Di acara yang dihadiri Direktorat Jendral Kesatuan Bangsa dan Politik Kemendagri Achmad Tanribali Lamo SH, Gubernur Sulbar mengatakan, tapal batas Provinsi Sulbar di wilayah utara yakni di Kabupaten Mamuju Utara bermasalah sejak 30 tahun lalu, karena dua desa di wilayah itu dicaplok Kabupaten Donggala, Sulteng.

"Desa Ngopi dan Banemarau, Kecamatan Bambalomuto, Kabupaten Mamuju Utara, Sulbar, dicaplok Kabupaten Donggala, Sulteng yang berbatasan dengan dua desa itu. Donggala mengklaim dua desa tersebut sebagai wilayah kabupaten itu," katanya.

Padahal, kata gubernur, dua desa tersebut berada di wilayah Kabupaten Mamuju Utara, Sulbar, sesuai yang diatur dalam Keputusan Menteri Dalam Negeri (Kepmendagri) Nomor 52 Tahun 2003 sejak kabupaten itu dibentuk menjadi daerah otonom baru.

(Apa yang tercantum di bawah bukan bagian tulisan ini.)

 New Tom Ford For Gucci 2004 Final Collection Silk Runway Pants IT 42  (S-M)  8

"Di dua desa tersebut kini didiami sekitar 62 kepala keluarga warga Kabupaten Donggala, Provinsi Sulteng, karena warga itu memiliki kartu tanda penduduk (KTP) dari Sulteng, sehingga penduduk itu mendiami Sulbar secara tidak sah, atau mencaploknya" katanya.

Ia mengatakan masalah tapal batas antara Kabupaten Mamuju Utara dan Kabupaten Donggala sudah sering diupayakan diselesaikan, namun Pemprov Sulbar maupun Sulteng tidak ada yang mengalah, dan masing-masing tetap mengakui bahwa Desa Ngopi dan Banemarau sebagai wilayahnya.

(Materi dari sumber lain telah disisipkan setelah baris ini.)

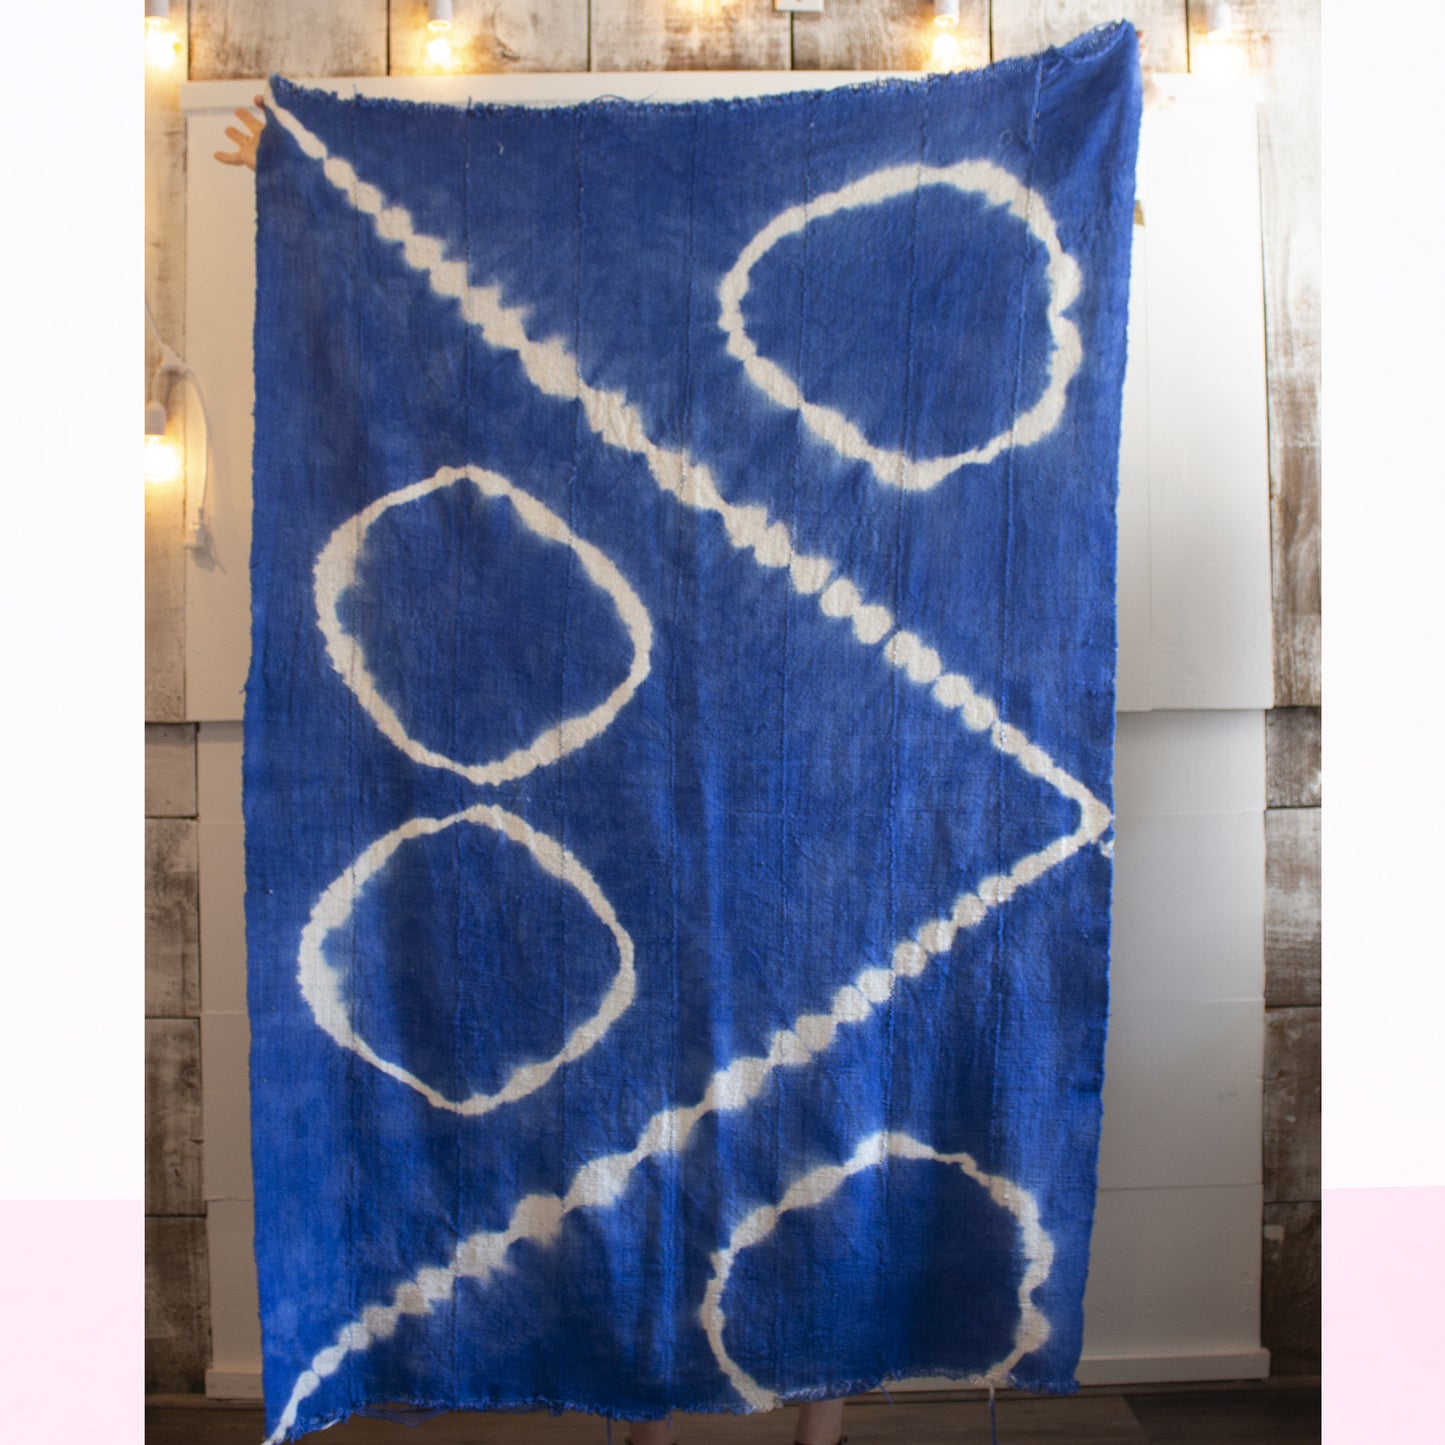 Vintage Blankets - Bright Dyed Cotton

Oleh karena itu ia mengatakan, agar Kemendagri dapat menjadi penengah masalah perbatasan dua wilayah itu sehingga dapat diselesaikan dan masalah itu tidak lagi berlarut larut.

Menanggapi hal itu Direktorat Jendral Kesatuan Bangsa dan Politik Kemendagri Achmad Tanribali Lamo SH, mengatakan, pemerintah pusat sudah membentuk tim terpadu dalam menyelesaikan masalah tapal batas di sejumlah daerah.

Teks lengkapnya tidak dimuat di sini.